L’intelligence artificielle (IA) et le deep learning font leurs preuves, dans l’analyse de la couverture des sols, mise en place par le ministère de la Transition écologique pour objectiver la mesure de l’artificialisation. Croisées avec des algorithmes, les vues aériennes fournies par l’Institut géographique national (IGN) donnent des détails précis, bientôt diffusés en accès libre par le Centre d’expertise sur les risques, l’environnement, la mobilité et l’aménagement (Cerema).
Précision des données
« L’outil ne se contente pas de repérer le bitume. Parmi les sols plantés, il sait reconnaître les couvertures en conifères ou en feuillus », détaille Pascal Lory, directeur du dispositif de mesure de l’artificialisation des sols à la Direction générale de l’aménagement, du logement et de la nature (DGALN).
Cette finesse éclairera les rédacteurs des futurs textes réglementaires relatifs à la nomenclature du zéro artificialisation nette (ZAN). L’exercice confirme à quel point le diable se cache dans les détails, après l’annulation des premières versions par le Conseil d’Etat.
Finesse du maillage
La maille territoriale de l’occupation des sols à grande échelle (OC SGE) dépend du type d’aménagement : les polygones analysés s’étendent sur 2500 m2 dans les espaces naturels, agricoles et forestiers ; ils se resserrent sur 500 m² dans les secteurs périurbains, et 200 m² dans les surfaces bâties. Là encore, les techniciens éclairent les juristes, à qui reviendra la tâche de fixer le maillage réglementaire du ZAN.
A partir de 2021, deux expérimentations ont rodé l’outil, avec le syndicat mixte du schéma de cohérence territoriale du Bassin d’Arcachon (Gironde), suivi par le département du Gers. Ces tests ont permis d’affiner les algorithmes, avant le déploiement industriel, à partir de septembre 2022. « Pour mener à bien cette nouvelle étape en intégrant les remontées issues du terrain, nous avons enrichi le système avec un modèle d’annotation », précise Pascal Lory.
Système collaboratif
Indispensable pour passer de l’analyse de l’occupation à celle des usages, la collecte des données des utilisateurs des sols mobilise le logiciel Q Gis, système d’information géographique en accès libre, compatible avec un fonctionnement en plugin.

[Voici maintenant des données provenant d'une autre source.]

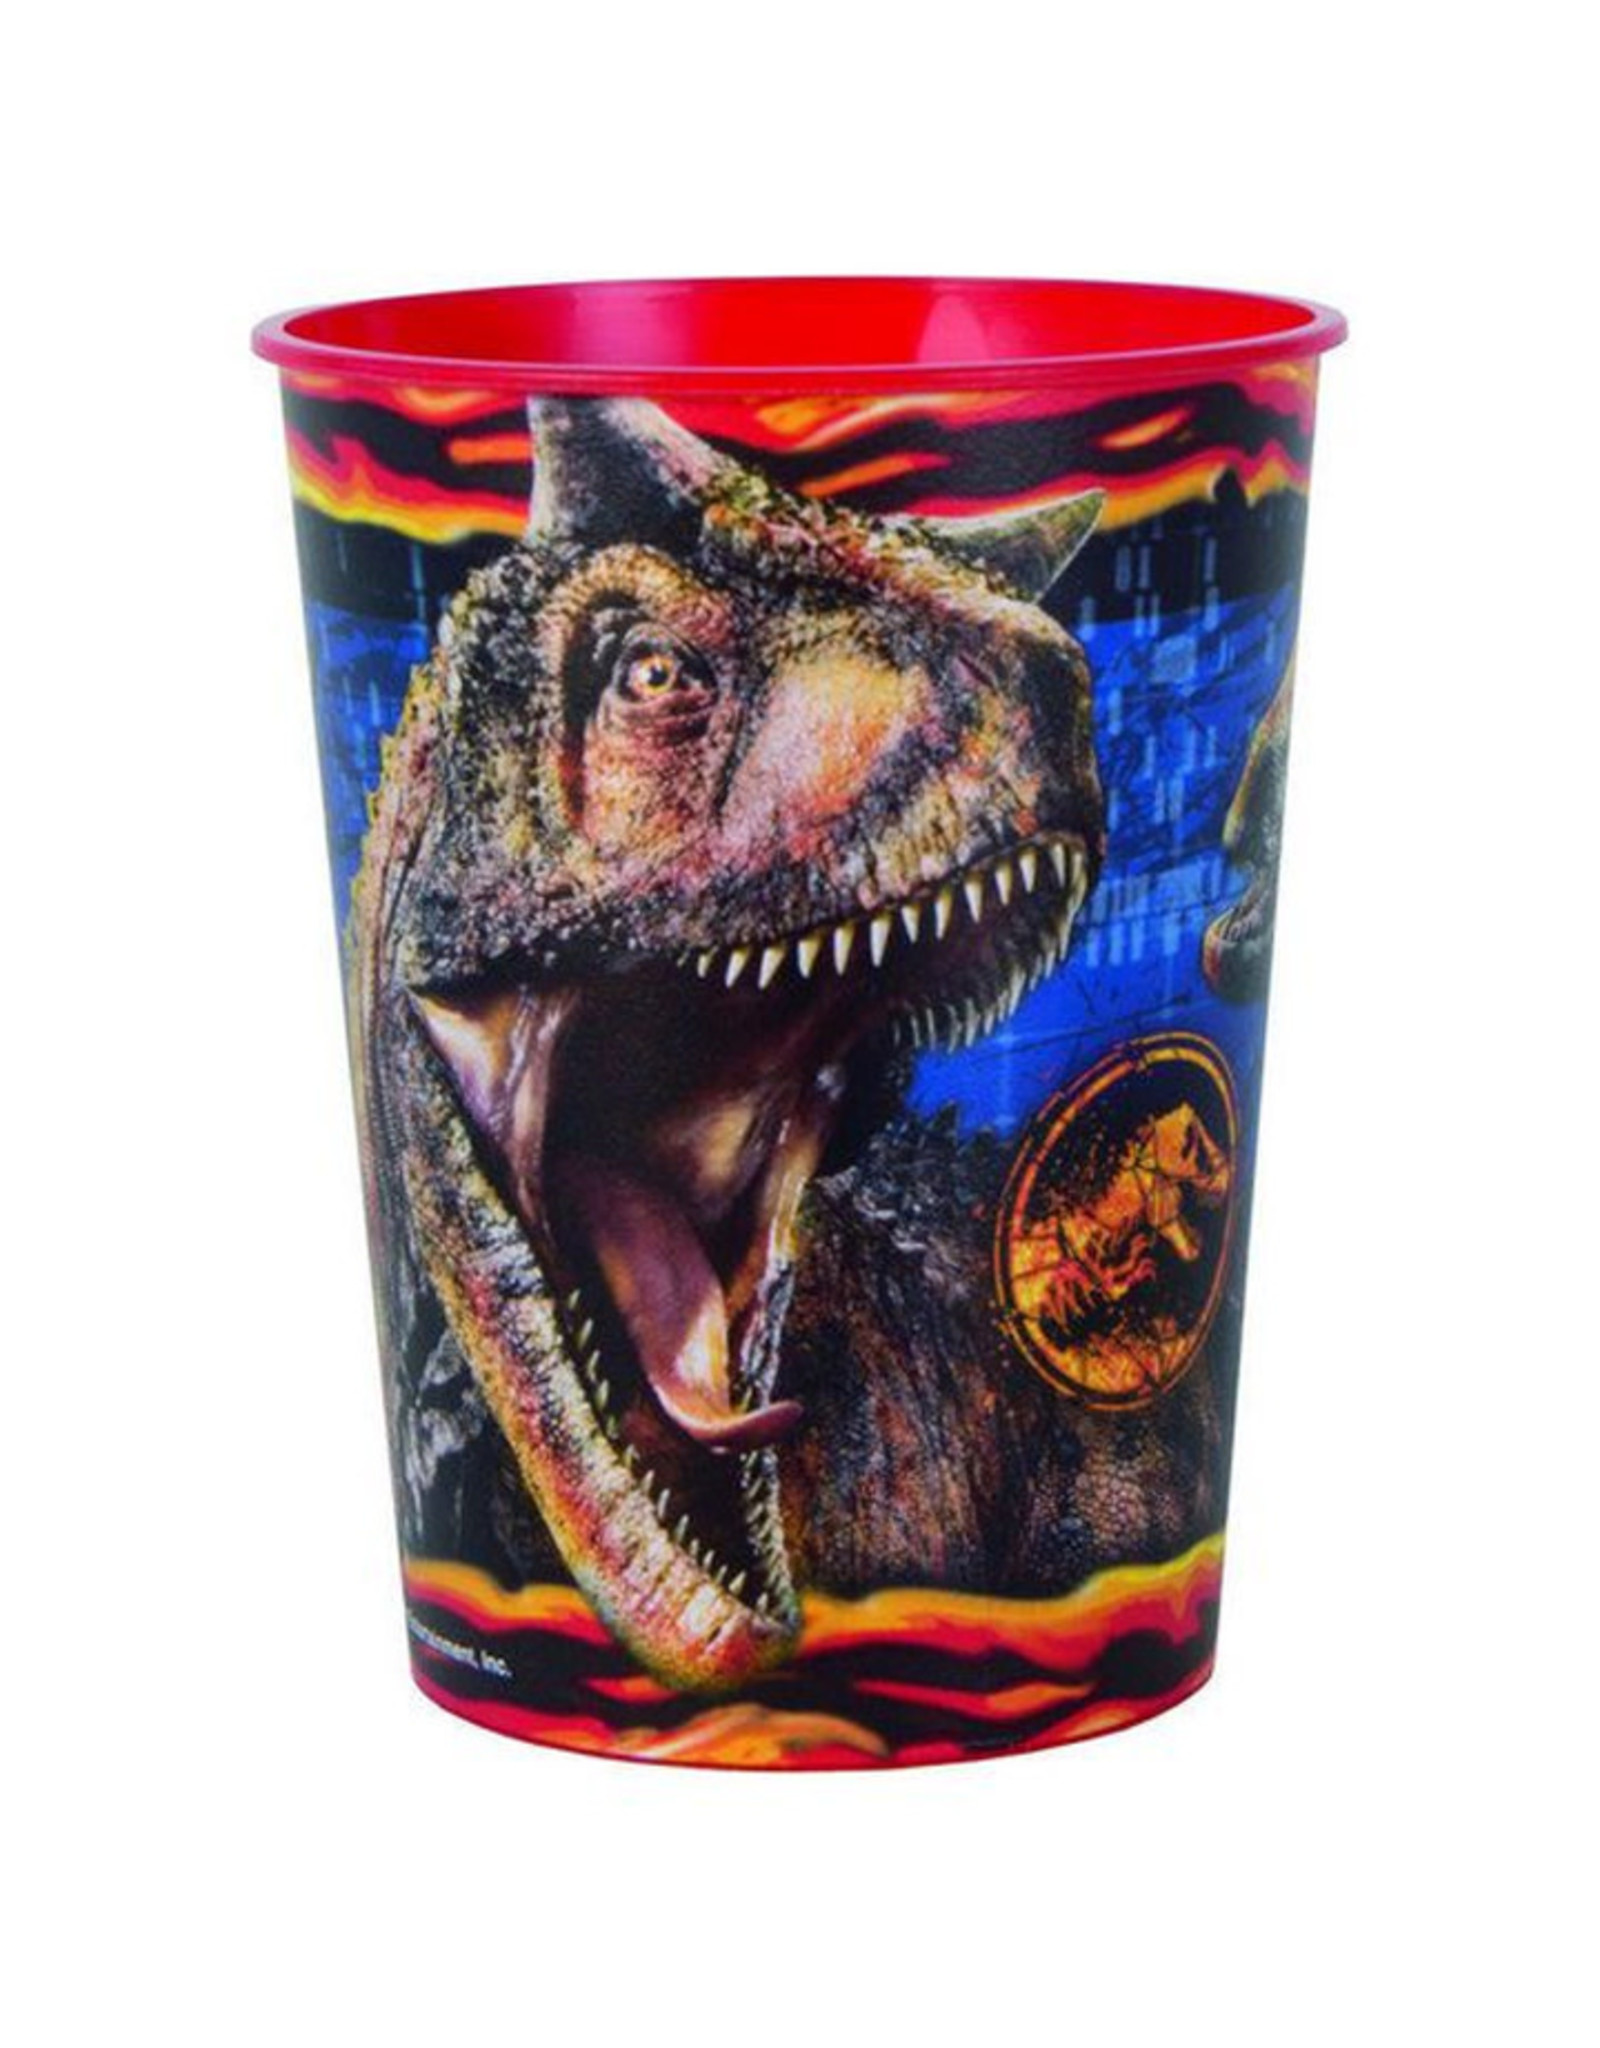 UNIQUE INDUSTRIES INC Jurassic World: Fallen Kingdom 16oz Plastic Favor Cup

Mobilisés par les services déconcentrés de l’Etat, les utilisateurs proviennent des collectivités locales, des sociétés d’aménagement et de foncier rural, des agences d’urbanisme… Tous peuvent bénéficier d’une formation dispensée par l’IGN, pour faciliter la prise en main du système collaboratif et la remontée des signalements.
Déploiement industriel
« Du point de vue de l’IA, distinguer des surfaces enherbées ou boisées ne pose pas de problème. Le sujet devient délicat lorsqu’on aborde la question des usages, qui amène à distinguer l’enherbé agricole, celui des zones pavillonnaires ou logistiques », explique Pascal Lory. Depuis septembre 2022, le déploiement national de l’OC SGE ne cesse de confirmer cette analyse : l’expérimentation du Gers avait suscité une centaine d’annotations. Ce chiffre dépasse le millier dans certains départements.

La prise en compte des signalements précèdera la mise en ligne des premiers départements, à partir de mai. L’Ille-et-Vilaine, le Rhône et la Seine-et-Marne figureront parmi ces pionniers. A raison de trois à cinq nouveaux départements par mois, la DGALN prévoit la couverture de l’hexagone, d’ici à la fin 2024. « Entre la mise en production et la livraison, il faut compter environ neuf mois », évalue Pascal Lory.
Dédramatiser le ZAN
Parallèlement, la Martinique offre un territoire d'expérimentation, avant le déploiement industriel de l’OSGE dans l’ensemble de l’outremer. « Avec des plantes comme l’ananas ou la canne à sucre, le couvert végétal appelle des annotations spécifiques », éclaire Pascal Lory.
Balise sur la route du ZAN, l’OC SGE révèle des vertus pédagogiques. « Techniciens, aménageurs, urbanistes, voire géomaticiens, nos interlocuteurs se caractérisent par un profil plus technique que politique. Les connaissances que nous leur apportons peuvent les aider à dédramatiser le ZAN, auprès des élus », analyse Pascal Lory.